BEGIN INFORMATION SHOWN
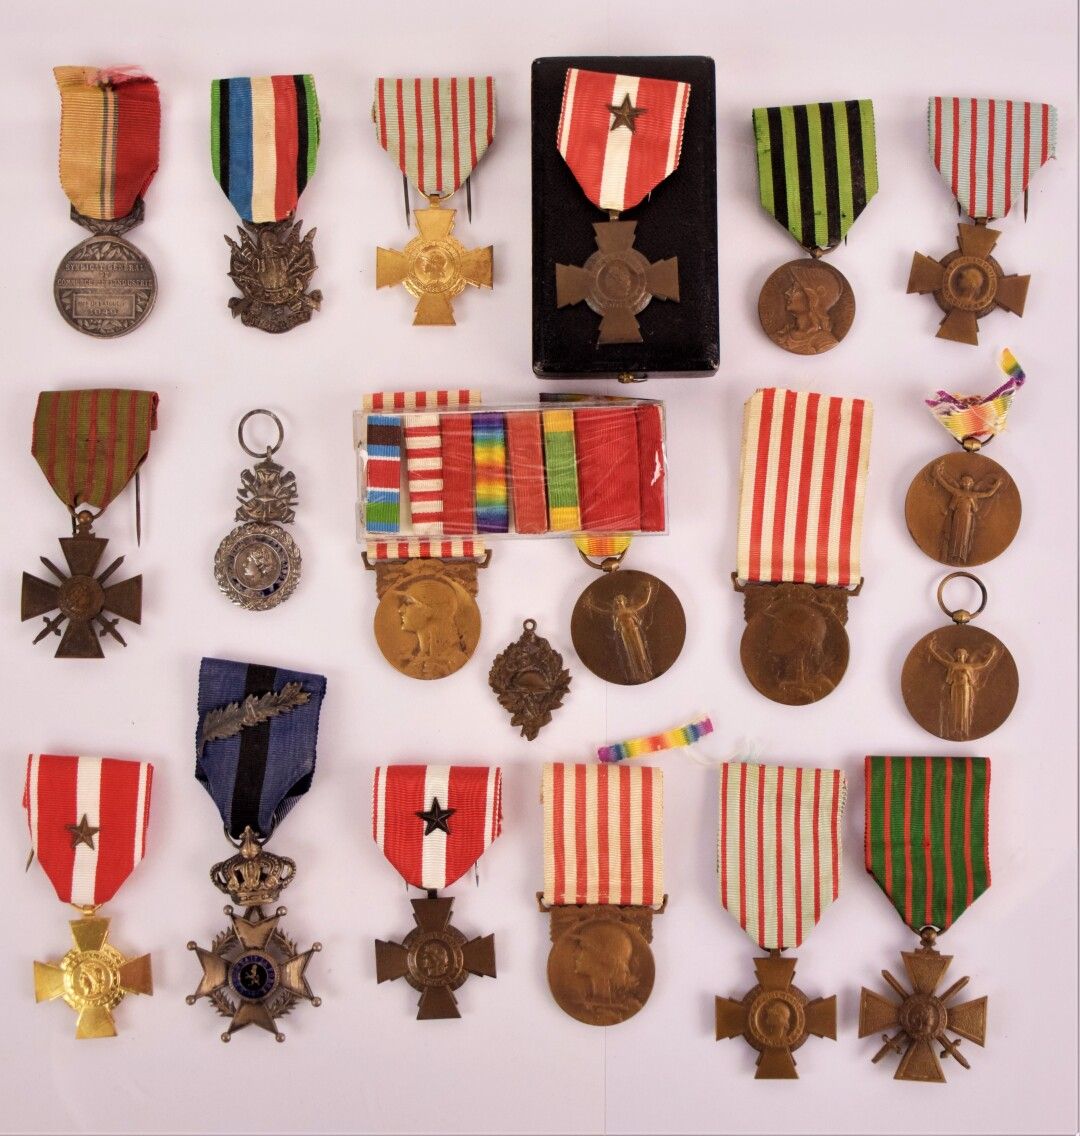 Null [MILITAR]

Colección de unas 19 medallas que incluyen: 

- Medalla conmemor&hellip;
END INFORMATION SHOWN
Everything but the pictures is needed: copy the data above exactly.

• [ANSWER BOX]
 Null [MILITAR]

Colección de unas 19 medallas que incluyen: 

- Medalla conmemor&hellip;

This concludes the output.